= Task requirements =
Images don't belong in the copy. Output the rest of the data exactly.

= Provided data =
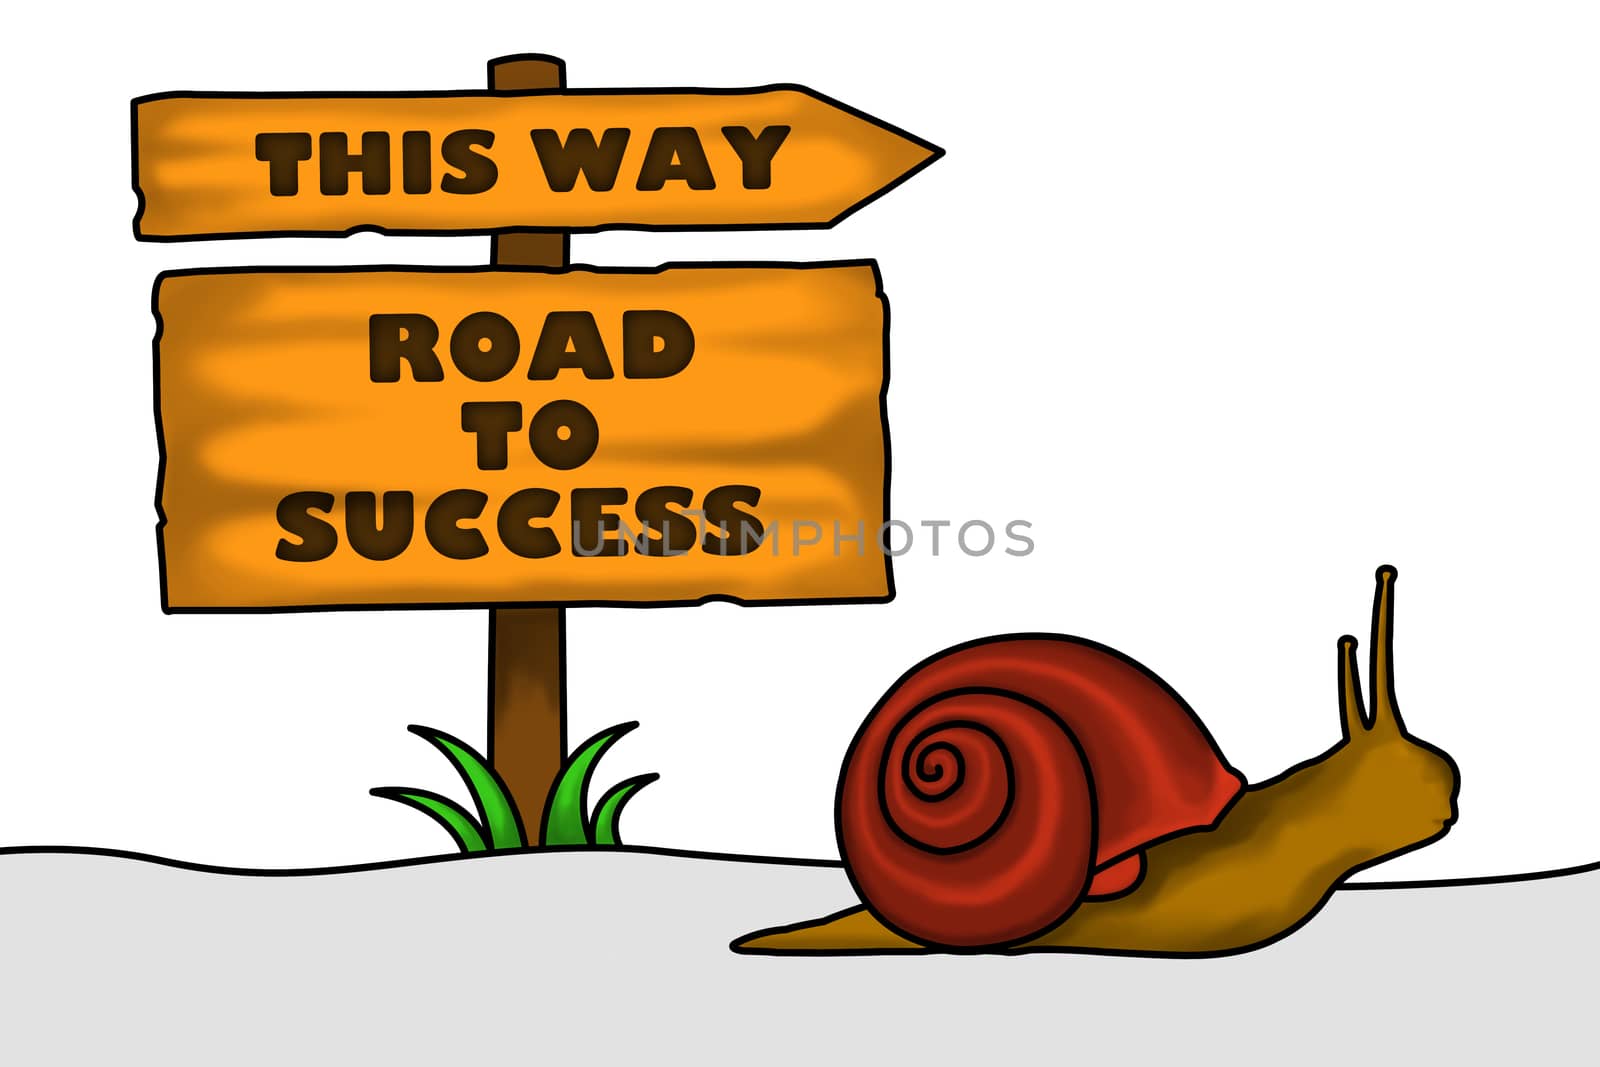 An illustration of a snail crawling heading towards success. A conceptual illustration about positive thinking of life despite of difficulties, to be diligent and persistent to reach your goal. To have a strong determination and perseverance to be successful.
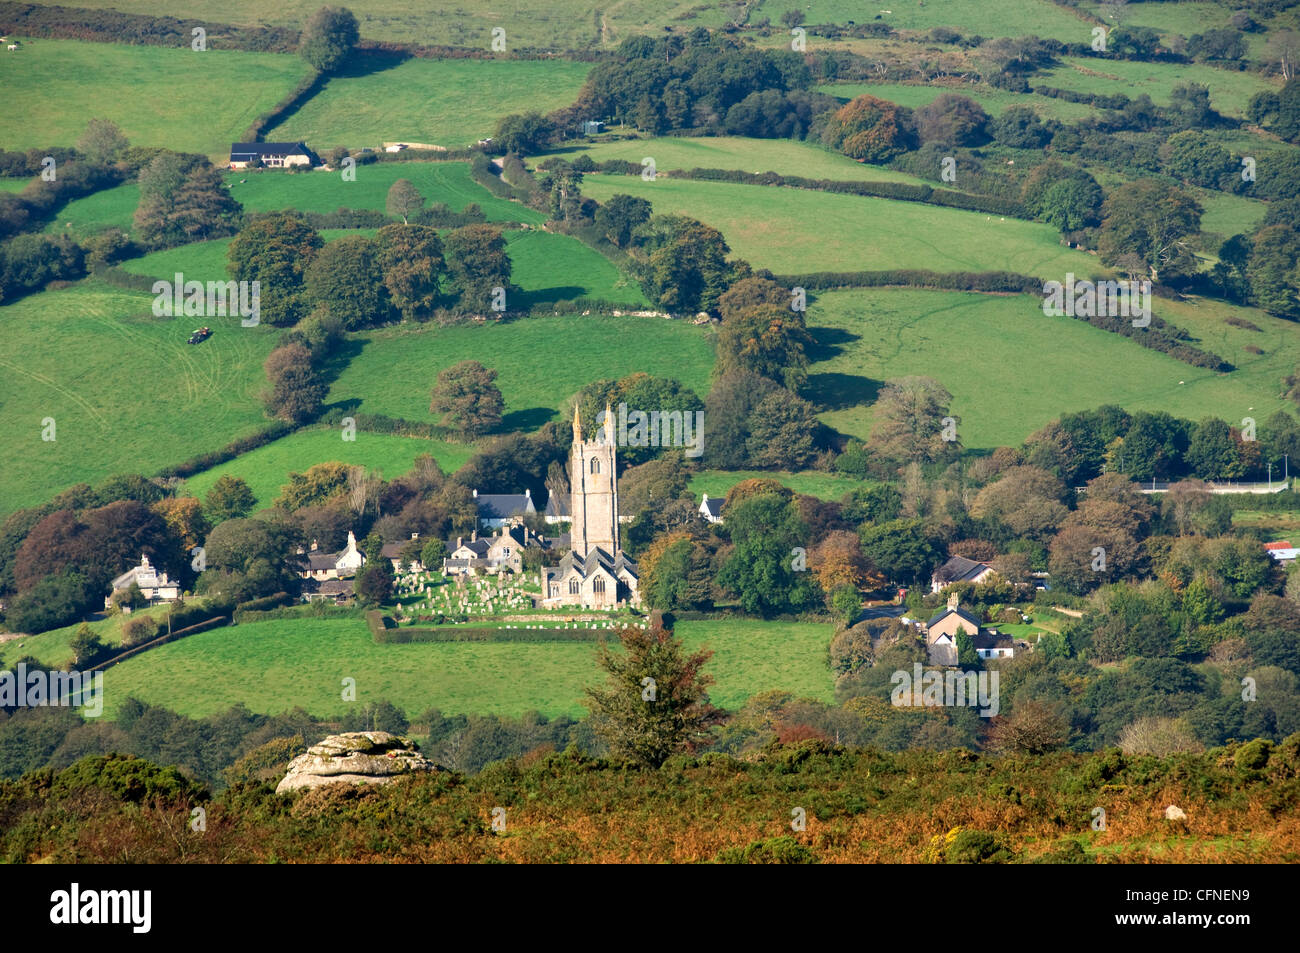 The village of Widecombe in the Moor, Dartmoor National Park, Devon, England, United Kingdom, Europe Stock Photo
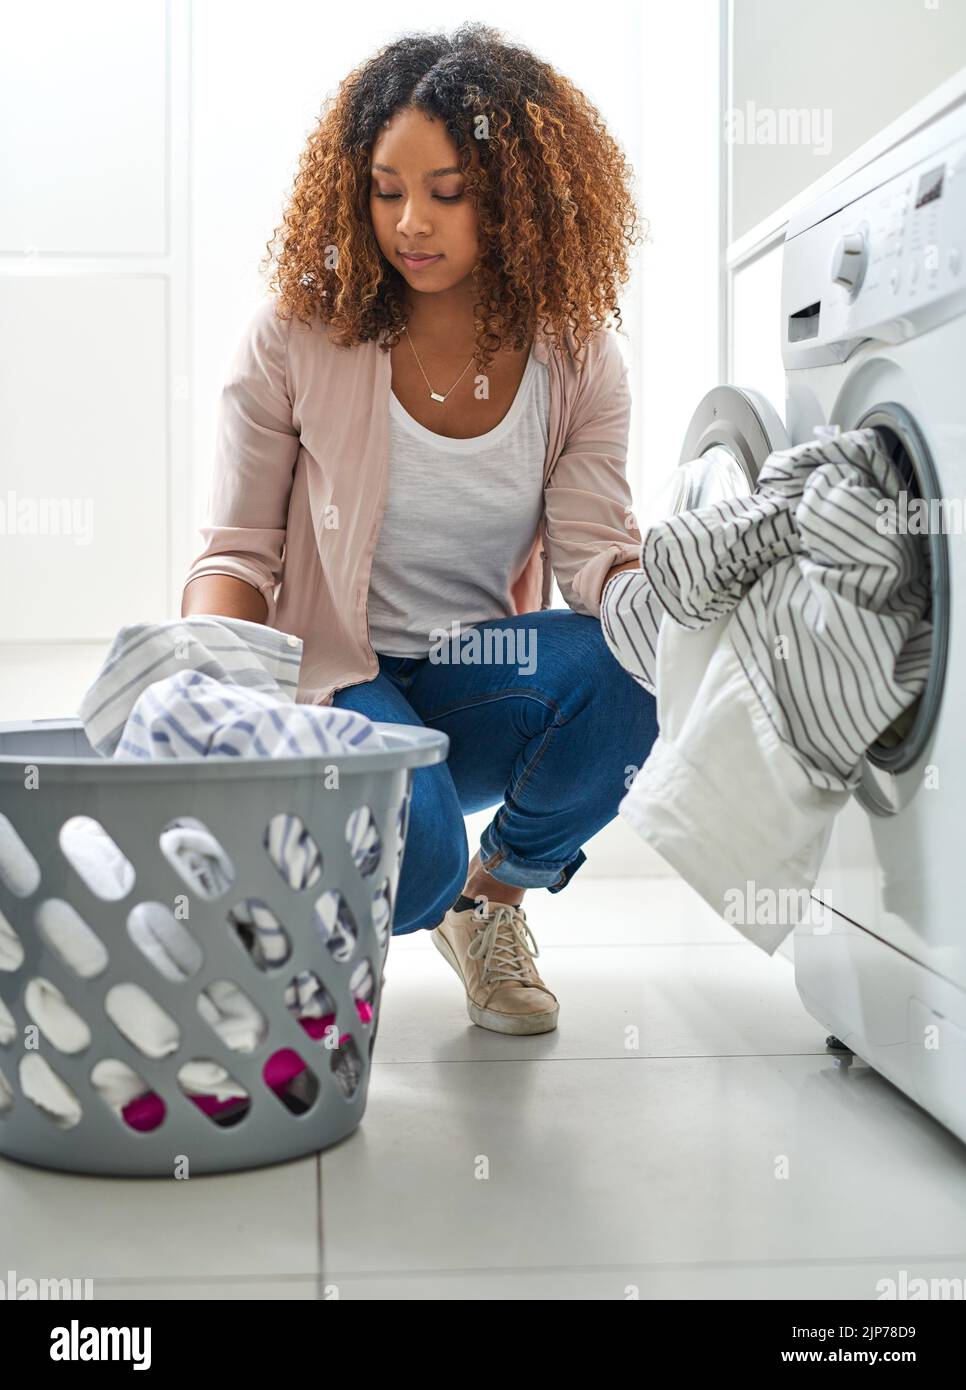 Its a chores type of day. a young attractive woman doing laundry at ...
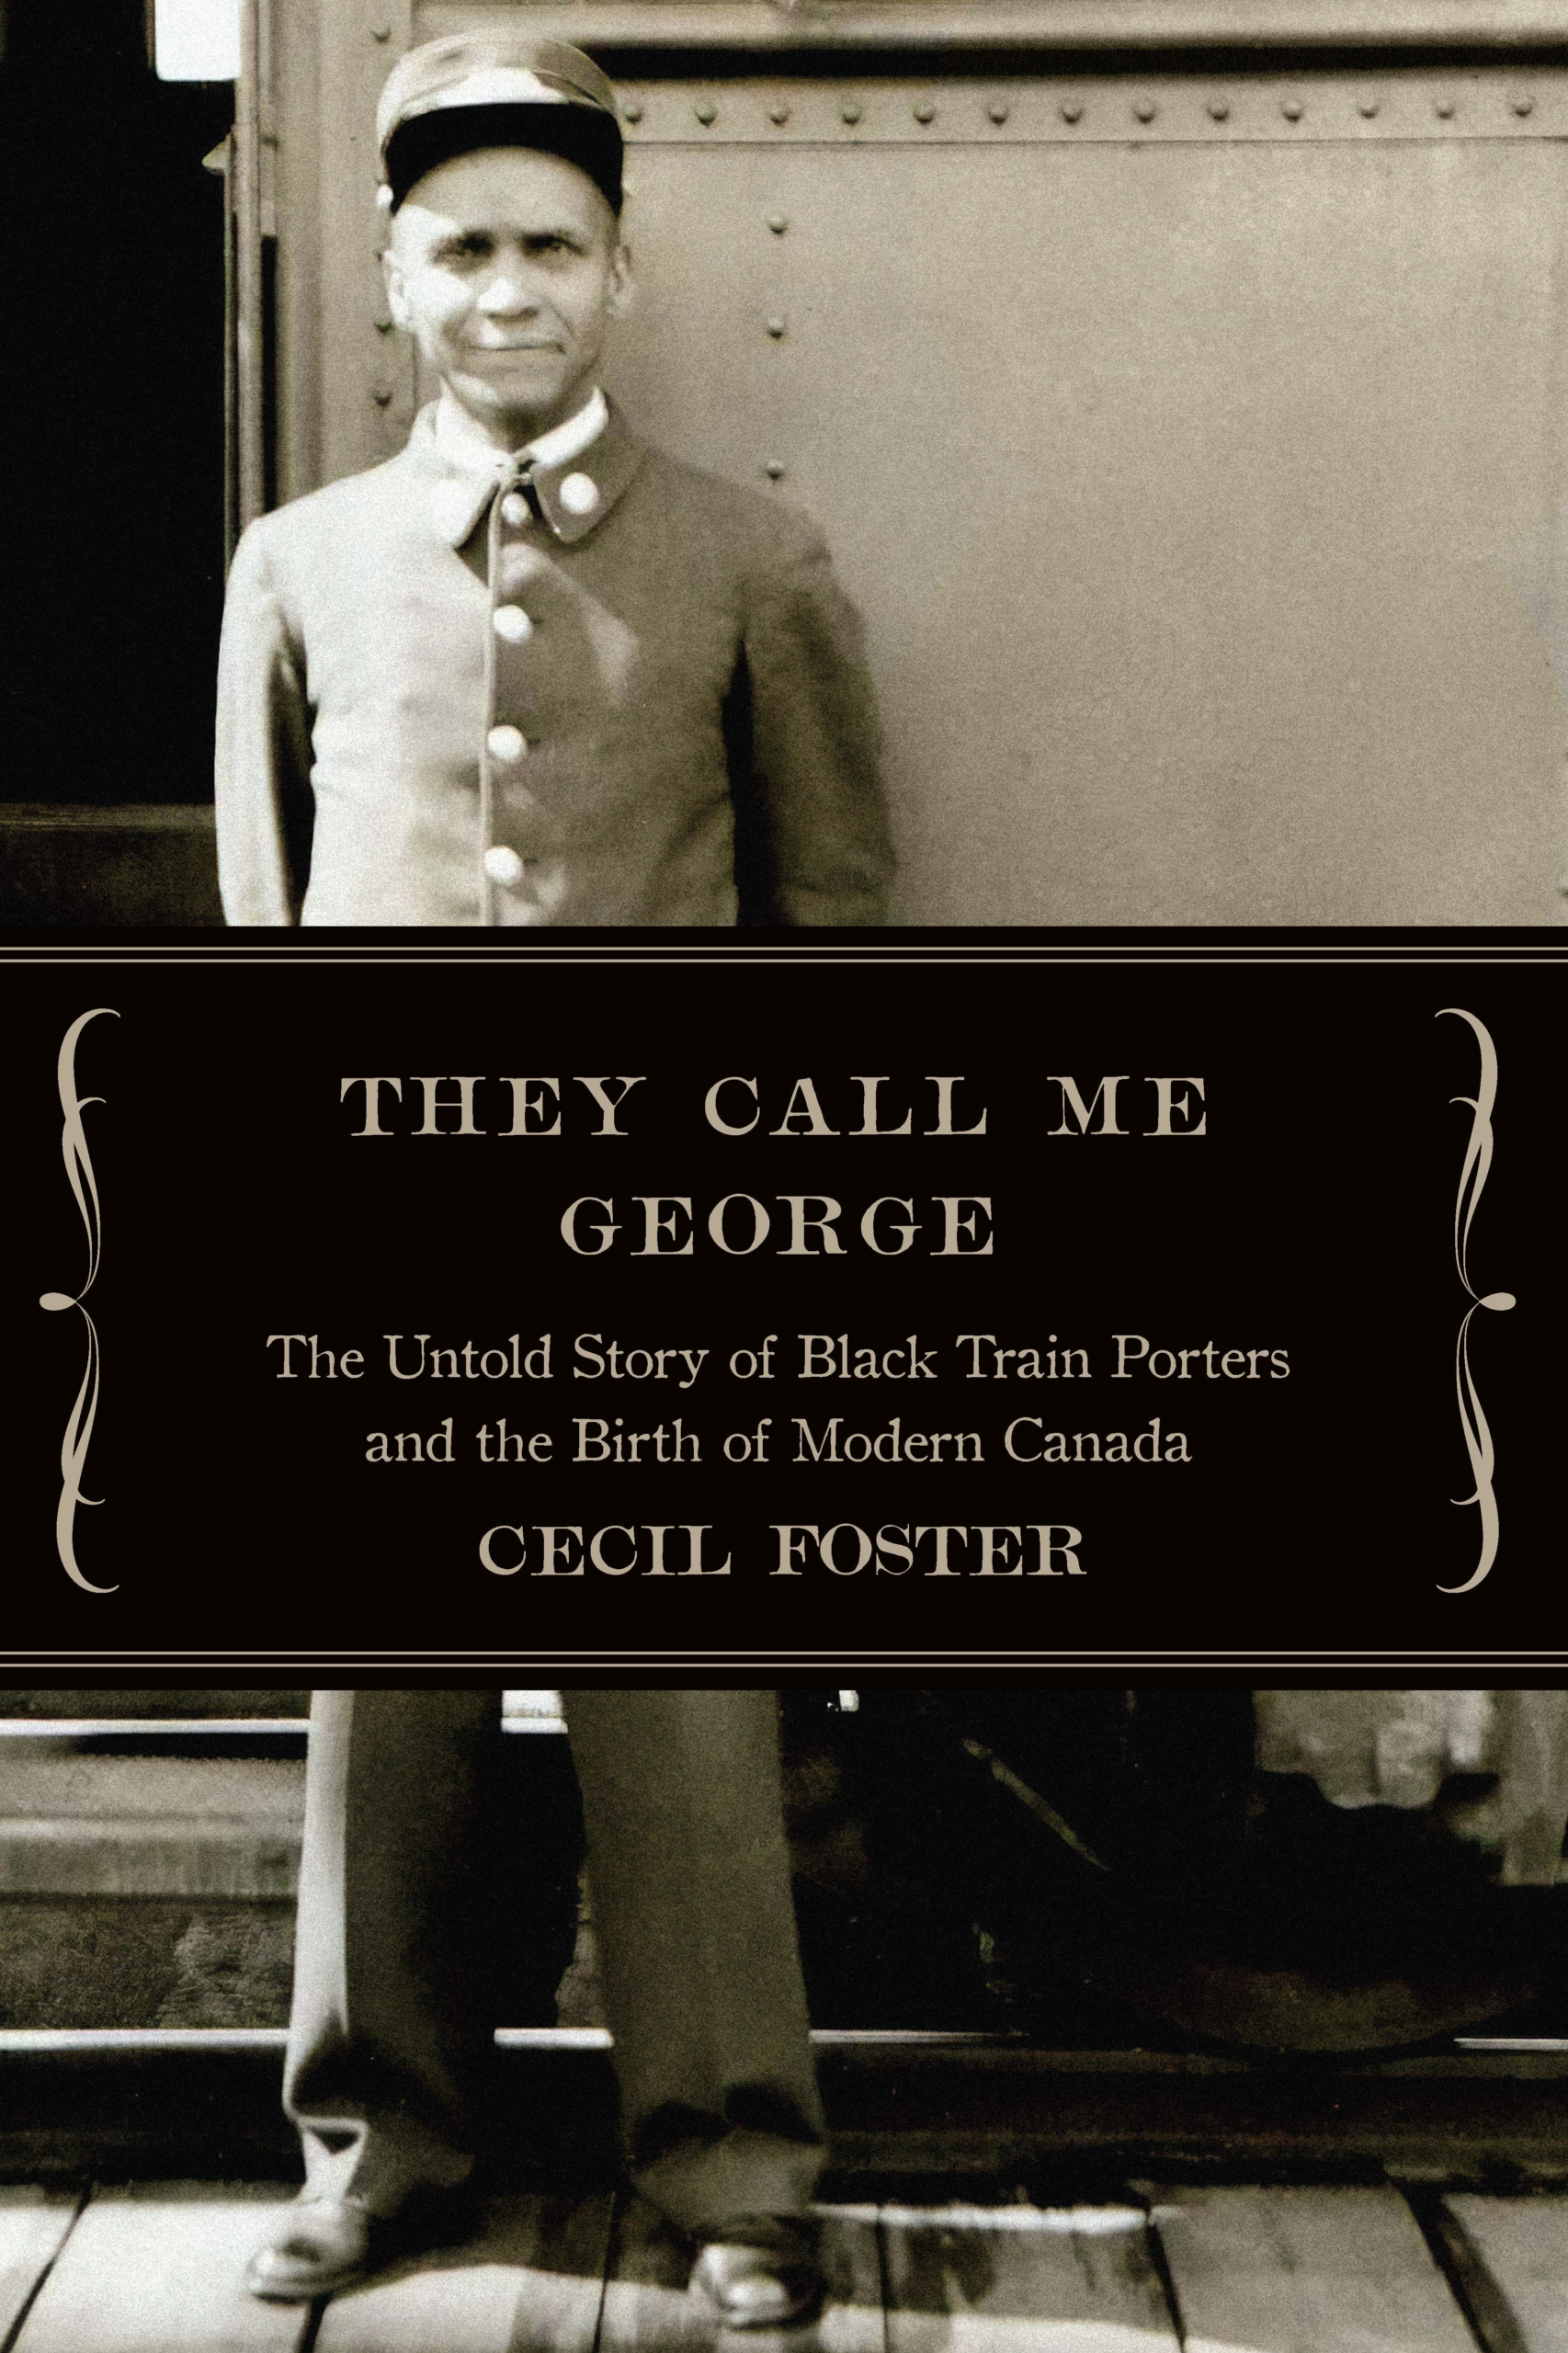 The cover of They Call Me George by Cecil Foster.

= Result below =
 An illustration of a snail crawling heading towards success. A conceptual illustration about positive thinking of life despite of difficulties, to be diligent and persistent to reach your goal. To have a strong determination and perseverance to be successful.
 The village of Widecombe in the Moor, Dartmoor National Park, Devon, England, United Kingdom, Europe Stock Photo
 Its a chores type of day. a young attractive woman doing laundry at ...
 The cover of They Call Me George by Cecil Foster.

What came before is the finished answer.